Matt Yglesias of Slate spoke to that issue in late August when Mitt was complaining – completely untruthfully – that President Obama wanted to “gut” the welfare-to-work program, a program that helps people – primarily mothers – get back into the workforce:
[Mitt Romney] doesn't say women should go back to the kitchen, stop working, and instead do the much harder and more important job of raising kids full time. But he doesn't want to spend any money or burden any business with any kind of rules or programs that would push us to a new more egalitarian equilibrium. Nor does his lip service to the values of full-time childrearing seem to have any content. He thinks the idea of paying poor women to stay at home and raise kids is outrageous and certainly doesn't encourage fathers to engage in the much harder and more important job of full-time homemaking. He's a guy who … doesn't want to do anything to address the challenges that parents face in an economic environment shaped around the obsolete expectation that behind every working man there's a full-time homemaker. But he's not a guy who in any way acts as if there's any content to his belief that full-time parenting is harder and more important that entrepreneurship or market labor.
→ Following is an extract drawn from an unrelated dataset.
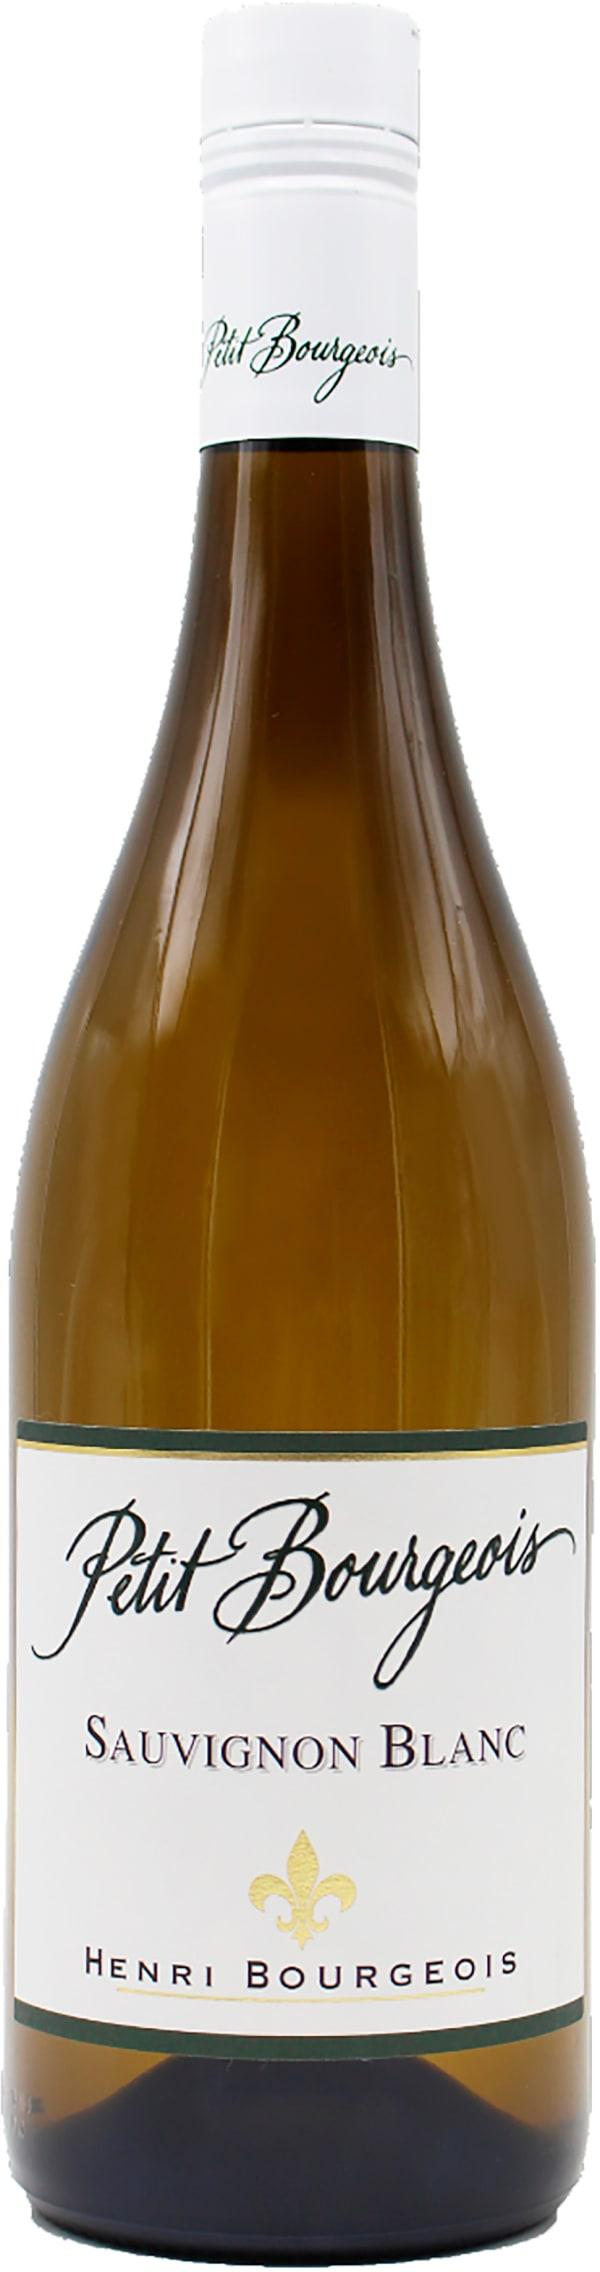 Petit Bourgeois Sauvignon Blanc 2019

At a campaign event in August 2012, Romney said,
If I am president, I will put work back in welfare. There is nothing better than a good job to help lift a family, to allow people to provide for themselves and end the spread of a culture of dependency. We must include more work in welfare. We will end a culture of dependency and restore a culture of good hard work.
“Good job”? Really? Isn't a good job usually one that requires some educational background and perhaps some special skills? Romney's campaign boasted that “as governor he vetoed a provision in a Massachusetts bill that would have allowed education and training to substitute for work while he pushed for able-bodied parents of young children to meet the work requirement.” So if you're a poor woman, trying to get off welfare and into the workplace, forget about getting a good job. You'll have to take what you can get at whatever skill level you may have. Flex-time? Ha ha ha.
If you're a middle-class woman who has been able to obtain special skills on your own, then maybe you'll find an employer who needs your particular talents so much he (and I do mean “he”) will let you go home early enough to fix dinner for the kids before bedtime. (No such luck if you're a middle-class man.)
If you're a rich woman, you can stay home and do the “hard,” “important” job of mother.
The question town-hall participant Katherine Fenton asked was this: “In what new ways do you intend to rectify the inequalities in the workplace, specifically regarding females making only 72 percent of what their male counterparts earn?”
Romney's answer, parsed: “None.”
Update: Somebody I know submitted the following Amazon.com customer review of the TOPS Cardinal XtraValue D-Ring Binder, 3 Inch. It seems it takes 48 hours for a review to be processed, & I have a feeling the Amazonians -- unless they are Amazon women -- may not approve the review.
"I love this binder. I used to have several. I chose red ones. They were the perfect size for my hobby, which was keeping binders full of women. The binders are very sturdy so the women didn't fall out or get wrinkled. The mechanism on the D-ring opens and closes easily, though, so when I wanted to add or discard a woman, I didn't have to exert much effort. When I left my job in Massachusetts, my staff purged all of my records, and unfortunately they discarded my binders full of women. I wish I still had them. If I get a new job that's anything like my old job, you can be sure I'll get some more of these binders and fill them full of women. And gay people. Possibly I'll purchase a 1-inch binder and fill it full of darker-complexioned people. Or any sort of people I'm not familiar with."